Author | Una McCormack |
---|---|
Series | Doctor Who book: New Series Adventures |
Release number | 44 |
Subject | Featuring: Eleventh Doctor Amy Pond Rory Williams |
Set in | Period between "Day of the Moon" and "The God Complex" |
Publisher | BBC Books |
Publication date | 28 April 2011 |
Pages | 241 |
ISBN | 978-1-849-90237-3 |
Preceded by | Dead of Winter |
Followed by | Hunter's Moon |
The Way Through the Woods is a book in the Doctor Who New Series Adventures series, featuring the Eleventh Doctor, Amy Pond and Rory Williams. [1]
For thousands of years, the inhabitants of Foxton have avoided Swallow Woods, but approximately every fifty years a number of people go into the woods and never come out.
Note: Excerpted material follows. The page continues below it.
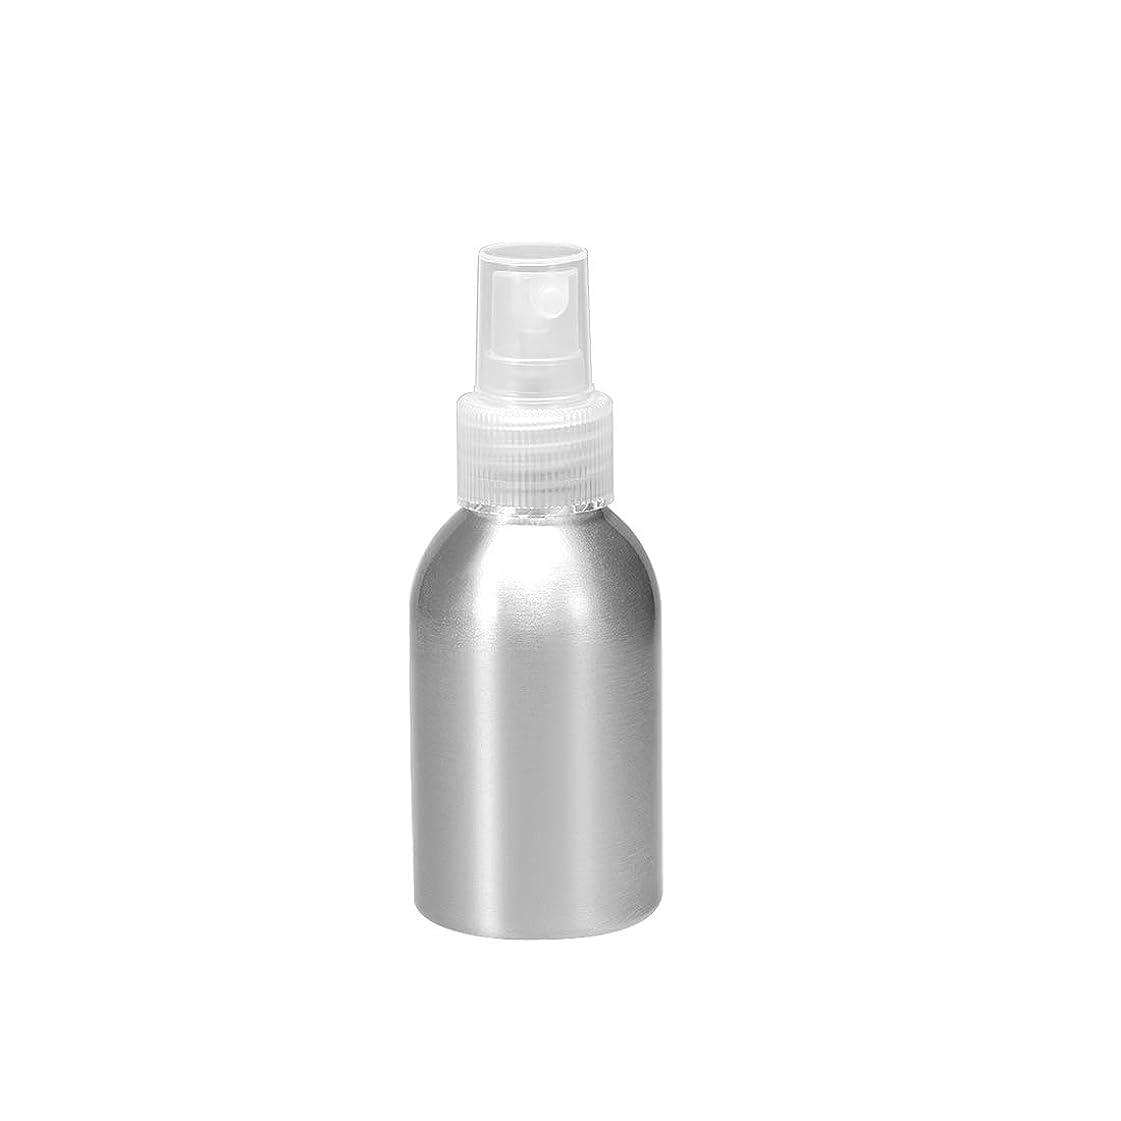 三角形翻訳失効uxcell アルミスプレーボトル クリアファインミストスプレー付き 空の詰め替え式コンテナ トラベルボトル 1.7oz/50ml

The Doctor realises this is the result of a spatial distortion caused by a crashed spaceship and discovers that a week after the last disappearances the entire area will be destroyed and replaced with a lake. He has Rory befriend Emily Bostock shortly before she disappeared in 1917 so he can accompany her into the woods. He and Amy will then follow one of three young women who were the last to disappear, approximately a hundred years later, and both groups will activate a homing device on finding the ship so they can get a bearing on its position. Unfortunately, when Rory and Emily enter the woods and are taken aboard the spaceship, Rory loses his memory and forgets to activate the device. Furthermore, Detective Inspector Gordon Galloway, who is investigating the disappearances of Laura Brown and Vicky Caine, becomes suspicious of the Doctor's behaviour and arrests him. With no other option, Amy elects to accompany the third woman, Jess Ashcroft, into the woods.
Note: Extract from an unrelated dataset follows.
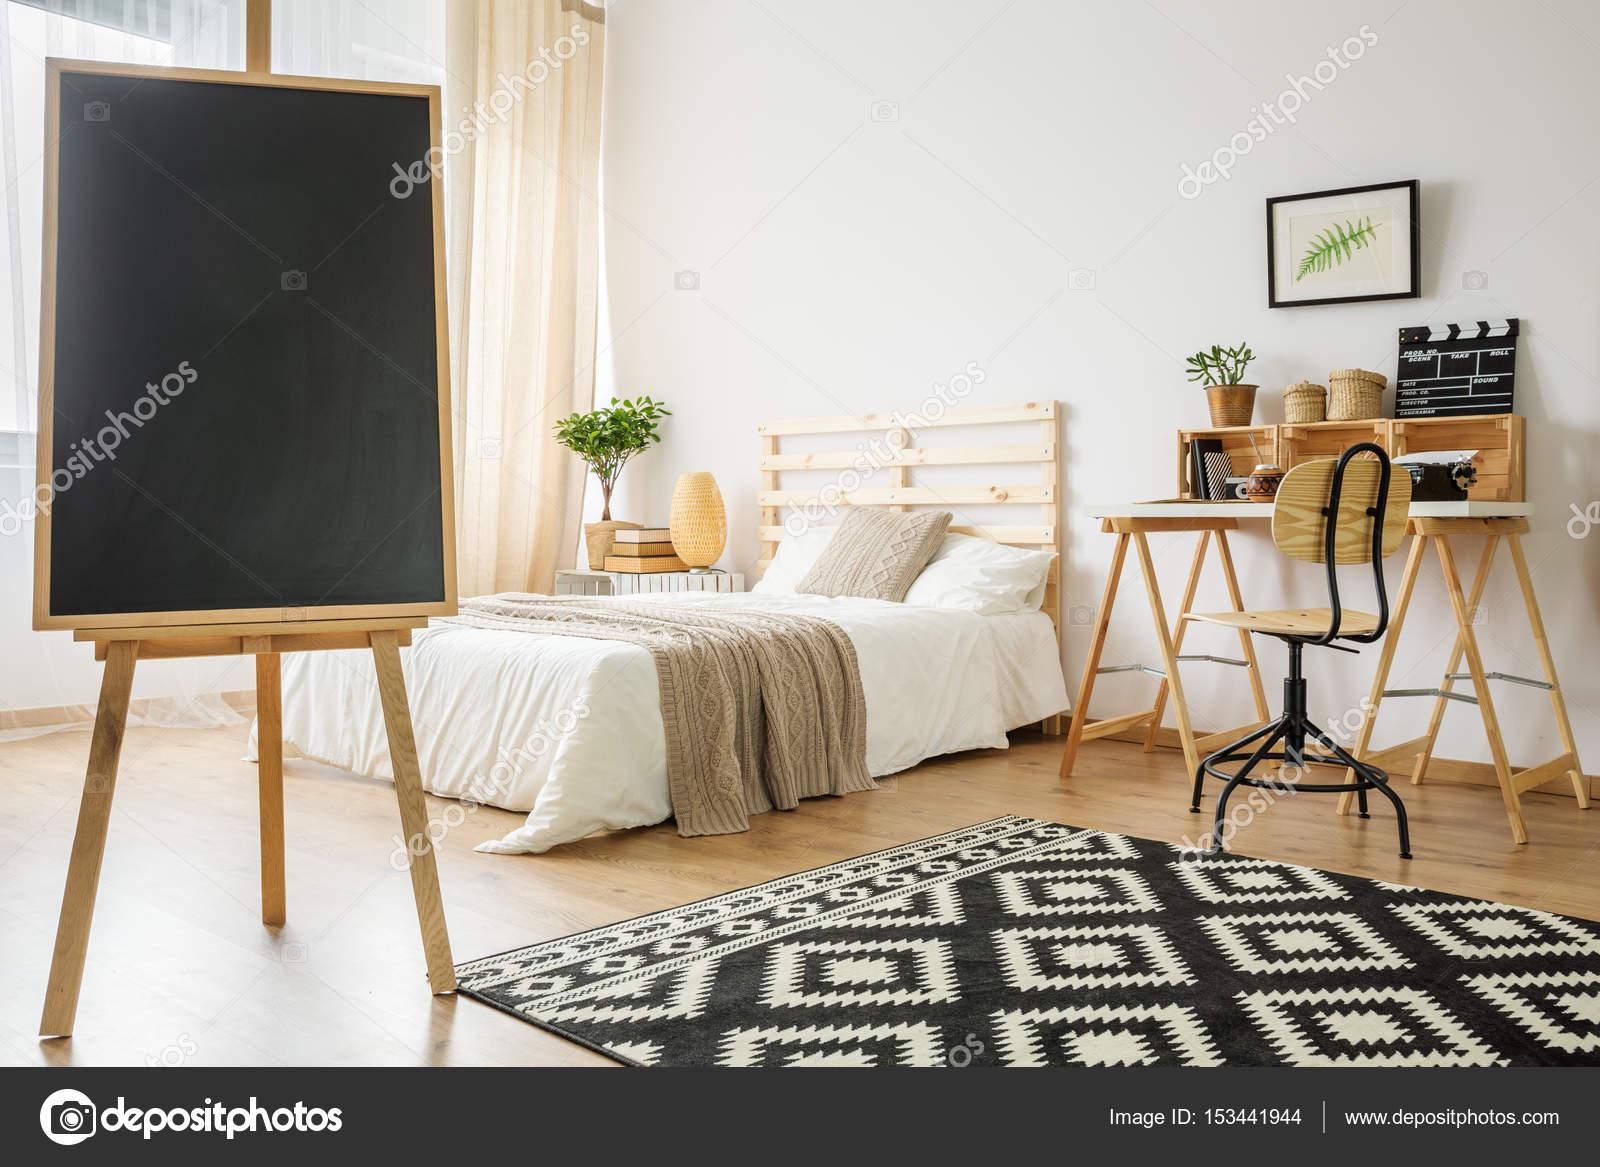 Tableau noir dans la chambre — Photographie photographee.eu © #153441944

Amy and Jess find Vicky alone in a clearing which they keep being led back to whichever way they go. A humanoid fox appears and Amy chooses to follow him, which allows Amy and Vicky to head in the opposite direction and emerge from the woods. They are unable to convince Galloway of the Doctor's innocence and he insists on organising a search of the woods for Laura. Galloway's partner DC Ruby Porter, whose uncle was the only person to disappear in the 1960s, releases the Doctor without authorisation and he realises the ship's pilot is still in the woods. The fox, Reyn, takes Amy to an artificial environment resembling a fairy tale castle where they meet Laura, now an elderly woman having lived there with Reyn for over sixty years. Reyn reveals his ship has been drawing people to it to try and recharge themselves and he has been trying to lure them to this realm to save them. If the ship departs now, when it has become interwoven with its surroundings, it will cause the destruction of the area.
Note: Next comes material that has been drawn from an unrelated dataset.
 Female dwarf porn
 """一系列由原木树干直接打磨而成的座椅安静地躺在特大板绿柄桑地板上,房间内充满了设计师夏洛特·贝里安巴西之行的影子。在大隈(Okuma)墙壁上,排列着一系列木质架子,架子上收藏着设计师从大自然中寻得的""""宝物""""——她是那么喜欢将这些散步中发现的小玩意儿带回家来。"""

Meanwhile, Rory and Emily find the ship communicating with them through the body of Harry Thompson, who disappeared just before Emily. When they confront it with the reality of its kidnapping people and draining their memories, the ship suffers an overload of guilt and wants to self-destruct. The Doctor joins the others in the woods and travels back to 1917, where he manages to talk the ship round, helping it achieve sentience and returning Rory and Harry to normal. However, with the ship now stable, Reyn wants to return to the war he was fighting when he crashed, even though doing he will have to rob the ship of its sentience and destroy the area to do so. The Doctor uses the triangulation devices to bring the TARDIS into the woods and convinces Reyn to let him take him home in that. Instead, he takes him to thousands of years in the future, where, despite his people losing the war, the empire that conquered them has fallen and they now live in peace. The Doctor has also planted a legend in the planet's history of a lost traveller and Reyn is welcomed as a hero.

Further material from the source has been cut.